Barret cited the ability to save on administrative costs as a major reason for moving CULMA. The financial squeeze sweeping higher education seems to suggest that closing and restructurings will continue.

“State coffers are more constrained than they have been in the past,” said Jane Hannaway, director of the Education Policy Center at the Urban Institute. “These institutions are facing stiffer budget constraints, and the question is: ‘Where do they allocate their efforts? It seems like they’re trying to focus on four-year students.”

Faculty members and staff at Minnesota’s General College fear that the university, which has the goal of becoming one of the world’s top three public research institutions, will bolster its status at the expense of service. “The indicators of quality outlined in U.S. News & World Report show that the quality of institutions has a lot to do with the perceived quality of the students they are recruiting,” said David Taylor, dean of the General College. “If you don’t admit these students, your profile measurably improves, and if these students are routed through community colleges and come back, they don’t count as incoming freshman.”

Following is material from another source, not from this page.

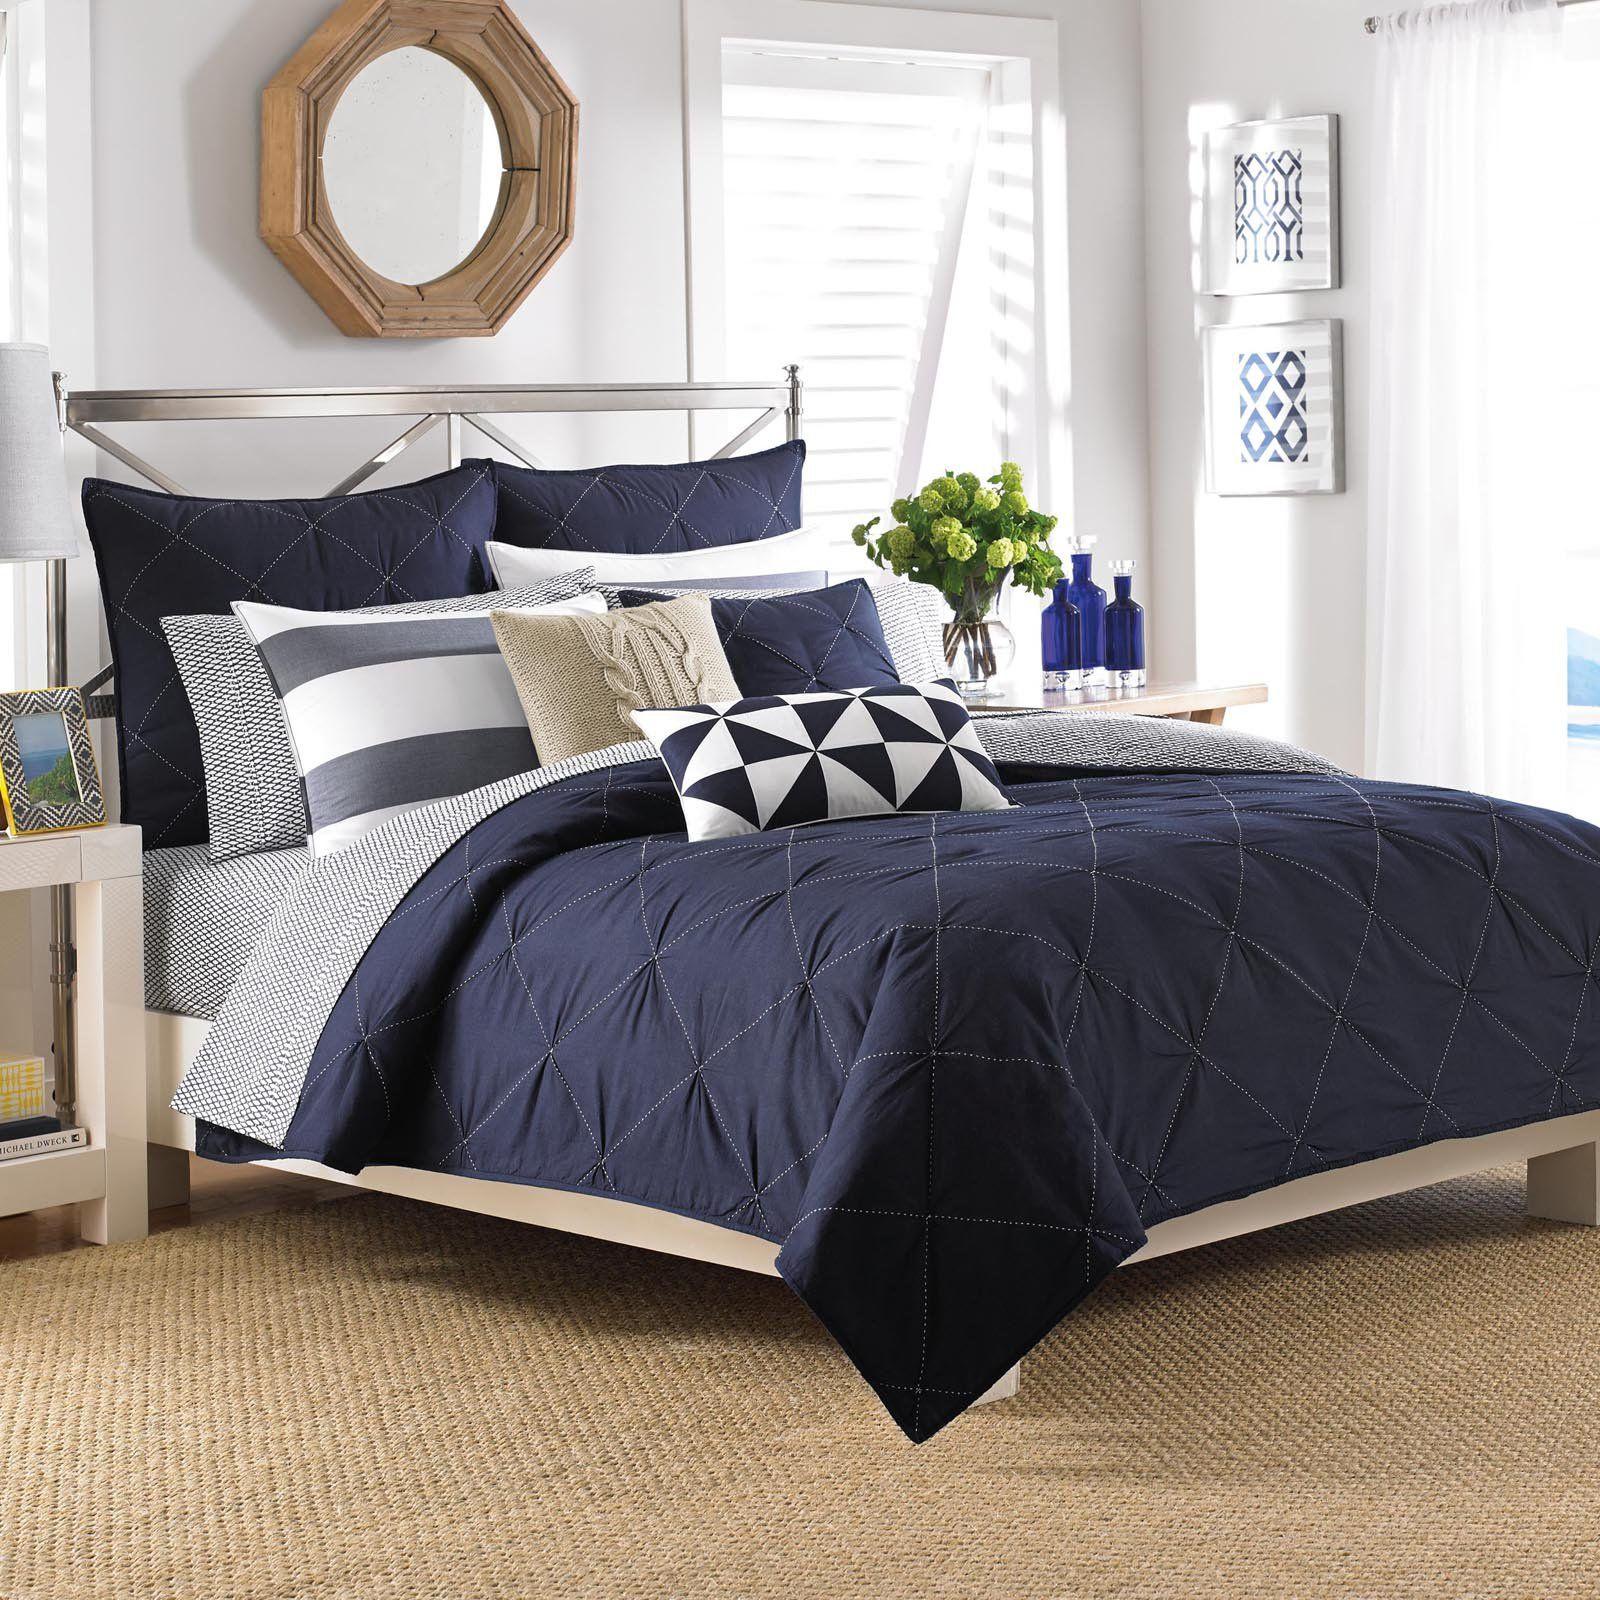 Nautica Lawndale Navy Duvet Cover Set In 2019 Bedding Master Bedroom Blue Master Bedroom Nautical Bedroom

If the Board of Regents votes to change the General College, it will not disappear, but will become a department. Robert Jones, senior vice president for system administration, cited the college’s 30 percent graduation rate as unacceptable compared to the 57 percent of university at large. “This is about what’s best for the students,” he said. “We need bigger improvements. What we’re saying is: transfer it to an academic department. Get rid of extra advising overhead and let’s pour those savings back into academic support programs.”

Nathan Whittaker, academic adviser and General College alumnus, said that the students who need the college most will not see the university as a place that wants them when the General College becomes a department, and loses its admissions duties. Some of the students probably will be successful at community colleges and transfer in, he said, “but it’s dangerous to say, ‘Hey, that’s your place over there, and this place is for students whose families went through higher education.’”

The Philadelphia Inquirer on Sunday published an article on changes at Temple University that have made the student body “whiter, wealthier and more suburban than ever,” and has raised the average SAT score over 100 points since the mid-1990s.

The University of Cincinnati is instituting tougher standardized test and grade-point average requirements for admission, again in an attempt to admit students most likely to graduate. The new standards -- students must either be in the top 10 percent of their high school class; earn a 22 or higher on the ACT or a 1010 or higher on the SAT; or be in the top 75 percent of their high school class with a 20 ACT and a 2.5 GPA -- would have kept out perhaps as much as a sixth of the most recent incoming class, according to administrators.

Cincinnati did, however, establish the Center for Access and Transition, which currently has open admissions for about 800 students, and helps students who did not meet the normal requirements make a transition into the university. The center, however, will require a 2.0 GPA of all students under 21, beginning in 2006. That would have prevented about 80 students from enrolling in 2004-05. “That’s just to address the issue of motivation,” said Gregory Stewart, director of the center.

Wayne State's Furtado finds the developments -- nationally and at his university -- depressing. “We want a hockey team and an honors college,” said Furtado. “We’re giving up on social justice. You can’t have classes of 50 people and put somebody in who has been out of school for 20 years.”